Foreign certificates not recognised

In a number of other countries it is not the surrogate mother and her partner, but the prospective parents who are registered on the birth certificate straight away. ‘These birth certificates are not recognised in the Netherlands because we believe that the woman who gave birth to the child should always be on that certificate,’ says Punselie. Subsequently, all kinds of legal interventions are needed to ensure that the child is legally recognised as the prospective parents’ ‘own child’.

The Government Committee’s recommendations

At the end of 2016, the Government Committee on the Reassessment of Parenthood published an advisory report on surrogacy. The Cabinet sent its response to the House of Representatives in 2019, announcing that it was working on drafting a bill. The expectation is that this bill will be submitted this summer. The bill states that the surrogate mother and the prospective parents can make agreements prior to conception and have them assessed by a judge. The judge then examines whether both parties are sufficiently aware of what they are getting into and whether the agreements have been entered into with due thought and consideration.

In its report the Committee recommends that, up to six weeks after the birth, the surrogate mother should be allowed to ask the judge if she can keep the child herself.

Names on the birth certificate straight away

If that is the case, and if the process ultimately leads to the surrogate mother giving birth, the prospective parents can have their names put on the birth certificate straight away. However, the Committee is of the opinion that there should be a genetic connection between at least one of the prospective parents and the child, and that at least one of the prospective parents or the surrogate mother lives in the Netherlands. In its report the Committee also recommends that, up to six weeks after the birth, the surrogate mother should be allowed to ask the judge whether she can keep the child herself. The judge will then have to assess what has changed in the meantime and why, and whether this is of such importance that the child can no longer be transferred to the prospective parents. 

Topic of debate

When discussing surrogacy, the issue of whether the surrogate mother can receive payment often crops up. Many people are against it.
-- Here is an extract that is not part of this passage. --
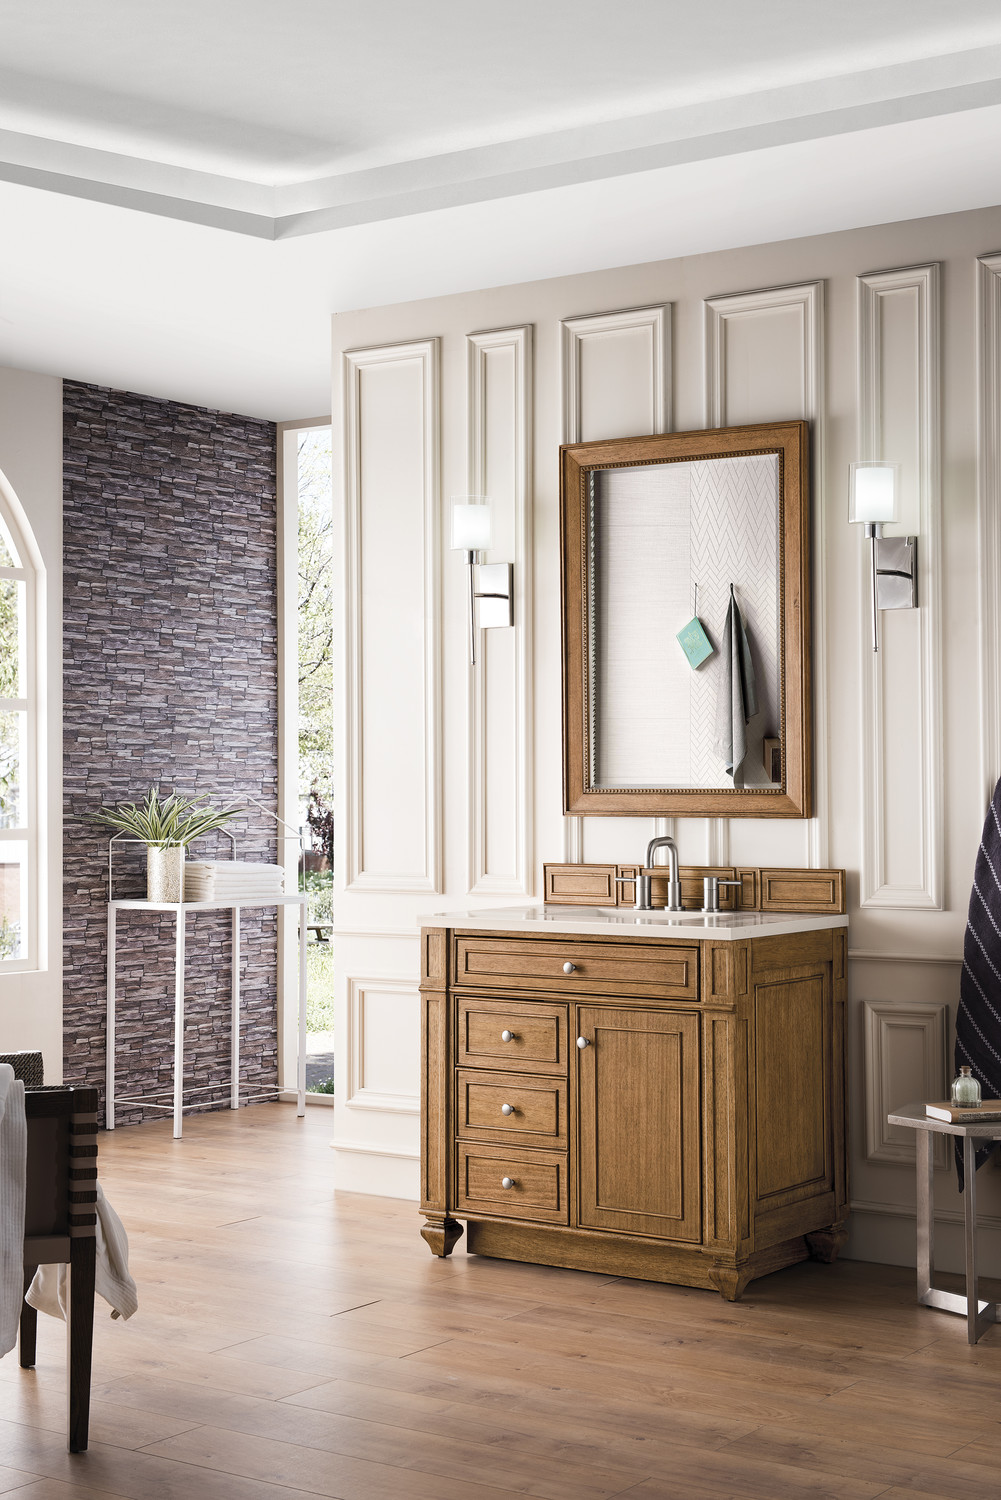 double bathroom vanity with storage tower James Martin Vanity Saddle Brown Transitional

In its report, the Committee proposes that the surrogate mother should be allowed to receive around €500 per month during the period of pregnancy and childbirth. Punselie also feels that surrogacy should not be a calling for which the surrogate mother receives no payment whatsoever..

There is little information available regarding how often surrogacy occurs in the Netherlands, since no official records are kept. A rough estimate is that there are a few dozen surrogate births a year and that there is a modest upward trend.